Потом я посмотрел в глубь комнаты, пропахшей жареным кофе и какао: там, в отдалении, между стенами, поглощавшими воздух, и неоновыми проводами-ящерицами, прочно прикрепленными к потолку, я заметил, что я есть. В другой стороне, неподалеку от того места, которое некоторое время назад наполняли лишь ты и я, сидел святой отец, одетый как Папа Римский, и собирал крошки от круассана. Я смотрел на него и думал: мы, еще не родившись, уже сомневались на полпути между Богом и гаражами осени и знали — того, что было раньше, уже нет. Я встал в последний раз и подошел к нему. «Почему ты смотришь на меня?» — спросил я наконец. И через момент раздался его голос в ответ: «У тебя ширинка расстегнута, сын мой. А в твоих глазах такое же уныние, как и в моих». И несмотря ни на что, Бог всегда с другими, даже если они уходят, а ты остаешься.
На улице мое сердце подхватил ветер от приближающегося трамвая. «Пускай уезжает, не спеши, — сказал священник, — у Господа уже есть свой, а там, куда идем мы, он нам не понадобится!» Его низкий голос управлял моими ногами, казался соединившимся со всем, что так или иначе касается земли: с окурками, мочой, котами, блевотиной и небом, когда идет дождь. Кучи отходов, застывших на тротуарах и оставленных в липких переулках каждого города. Святой отец это знал и передвигался так, будто хотел протащить эту огромную свалку, привязанную веревками к груди, будто задумал ограбить кладбище, украсть вещи, которые потом можно продать кому-то очень важному. Было ясно, что он никого не знал, в баре он приставал к таким, как я, к тем, у которых под курткой еще и пижама, потому что им страшно на улице. Но несмотря ни на что, мы наконец-то шли куда-то без тебя.
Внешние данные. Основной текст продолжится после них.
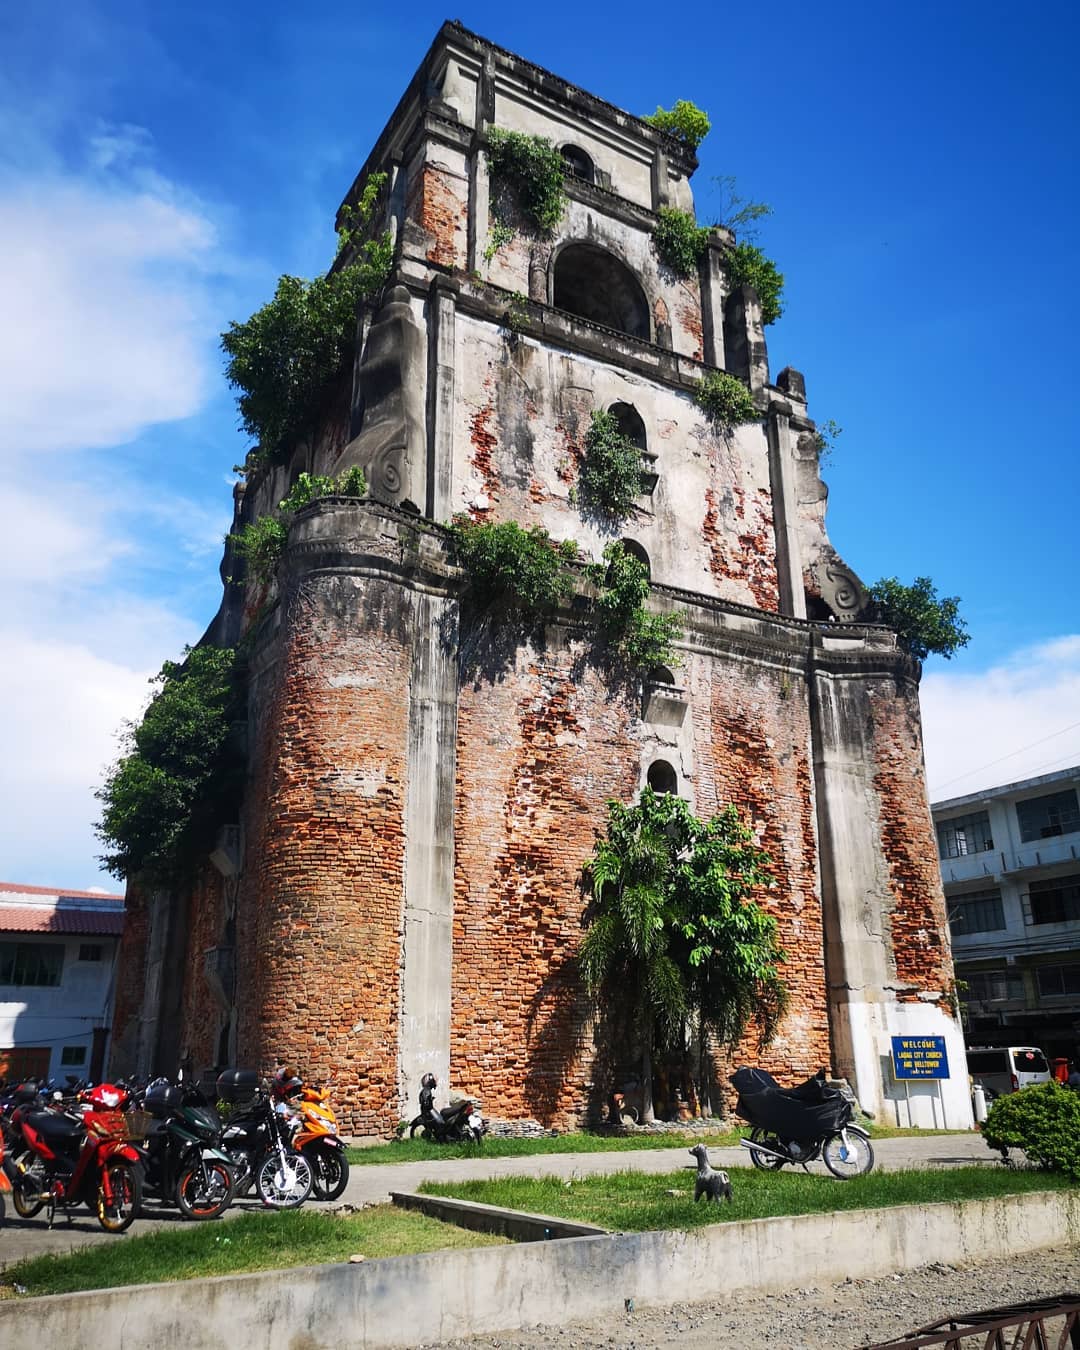 Ilocos Norte - Sinking Bell Tower

И теперь больше не важно, где мы сегодня были, и теперь не важно, что ветер внезапно повис над городом вместе с трамваями, со свистками полицейских, повис в ногах у прохожих, неважно, что облака остановились в объятиях с застывшим дыханием параболических антенн на плоских крышах жилых домов. Сейчас, будто ничего не было, будто ничего нет, мне кажется, я больше не думаю о том, где ты, даже если мы и встретимся там, наверху, не важно, полечу ли я, держа за руку святого отца без веры, я хочу лишь почувствовать сахар, который ты так и не размешала в кофе, который едва касается моего горла и добирается до моего узкого желудка, моего живота, опустошенного тобой, твоими словами. Я хочу закрыть глаза и осознать, что больше нет ничего, нет ничего в мире, нет ничего на столике в баре, нет ничего в пустых карманах моей куртки, нет ничего в жизни, из которой вы уходите навсегда, куда… известно одному Богу и тебе.